Ce qu'on a appris en déployant des agents conversationnels en conditions réelles — les illusions, les vraies difficultés, et ce qui fonctionne.

L'enthousiasme initial

Quand on a commencé à intégrer des LLMs dans les workflows clients en 2024, les demos étaient bluffantes. En production, c'est une autre histoire.

Problème n°1 : la latence perçue

Un agent qui réfléchit 8 secondes avant de répondre, c'est inacceptable en contexte CRM. On a résolu ça avec du streaming de tokens côté UI et des réponses partielles affichées progressivement. L'utilisateur a l'impression de vitesse même si le calcul total dure le même temps.

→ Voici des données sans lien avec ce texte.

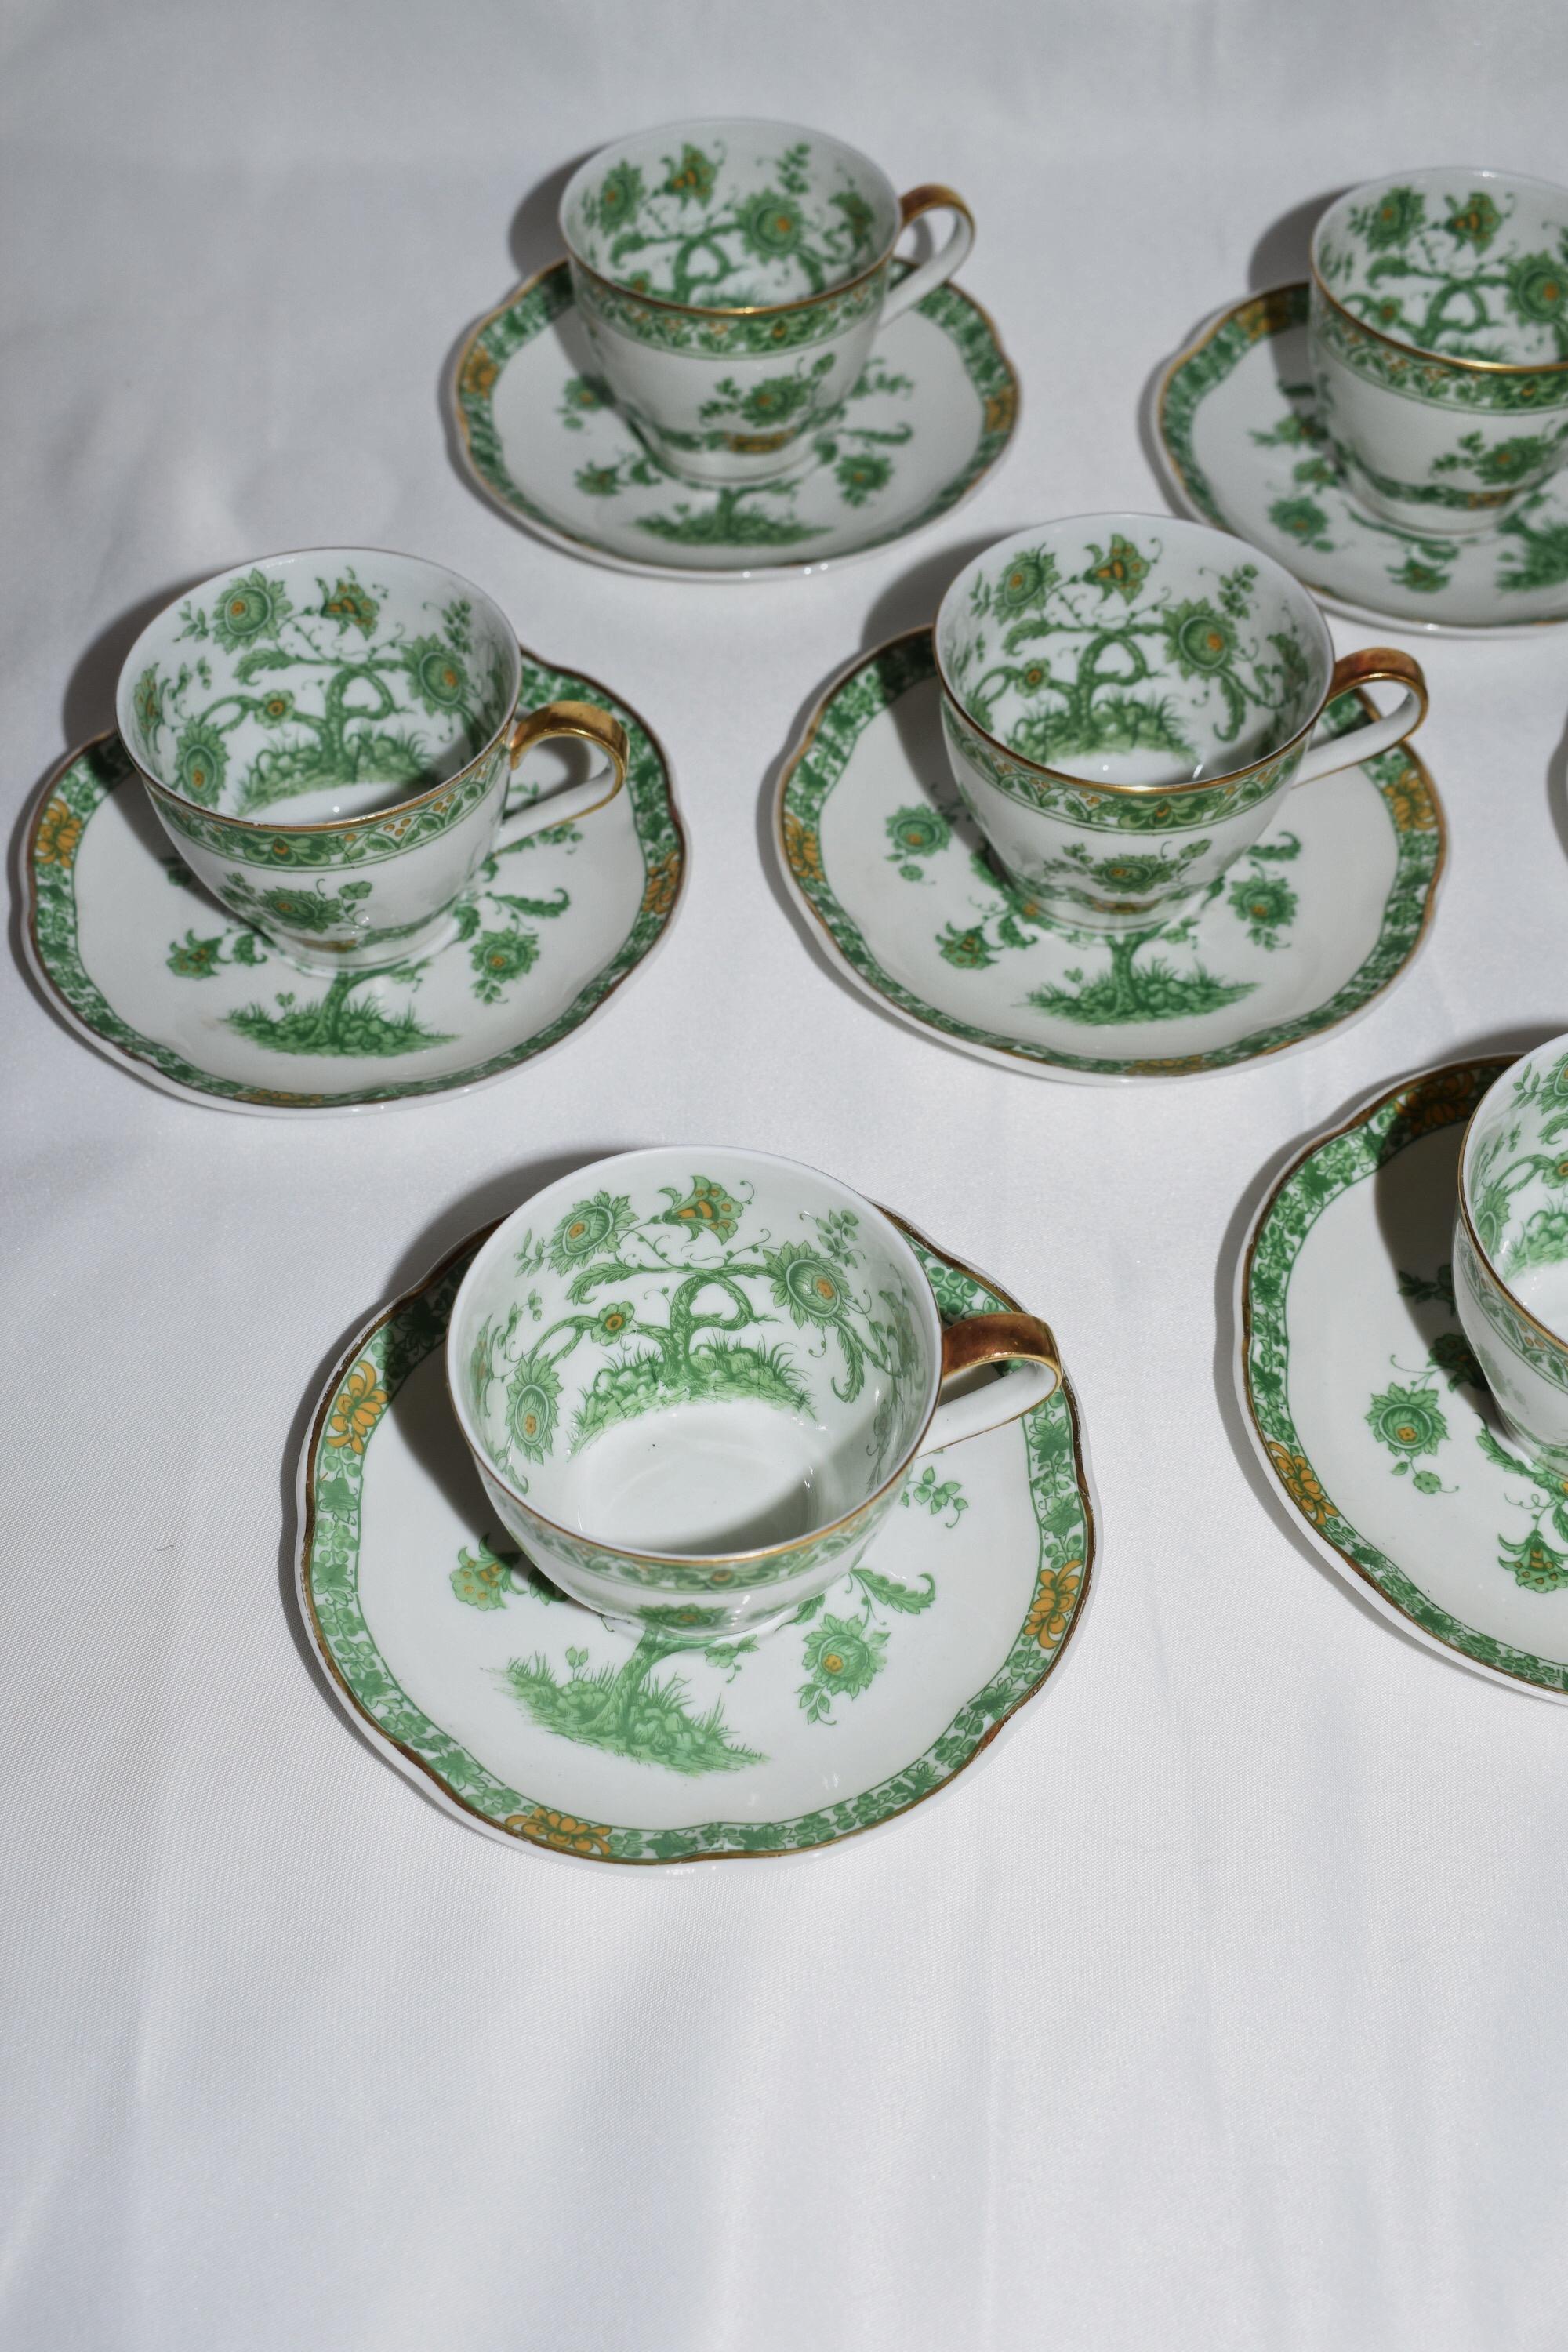 Suite of 10 Havilland Limoges Porcelain Cashmere Green Cup and Saucer 3

Problème n°2 : les hallucinations sur les données métier

Un agent branché sur un catalogue produit qui invente des prix — ça arrive. La solution : RAG strict avec validation factuelle. Chaque affirmation de l'agent doit être ancrée dans un chunk de données récupéré, sinon il répond "je ne sais pas".

Ce qui fonctionne vraiment

Les agents excellents dans des tâches bornées : qualification de leads entrants, extraction d'informations structurées depuis des emails, résumés de tickets support. Dès qu'on sort de ce cadre, les problèmes s'accumulent.

Notre stack en 2025

LangChain pour l'orchestration, Pinecone pour le vector store, Claude 3.5 Sonnet pour l'inférence. On évite GPT-4 pour les données sensibles clients — questions de conformité RGPD.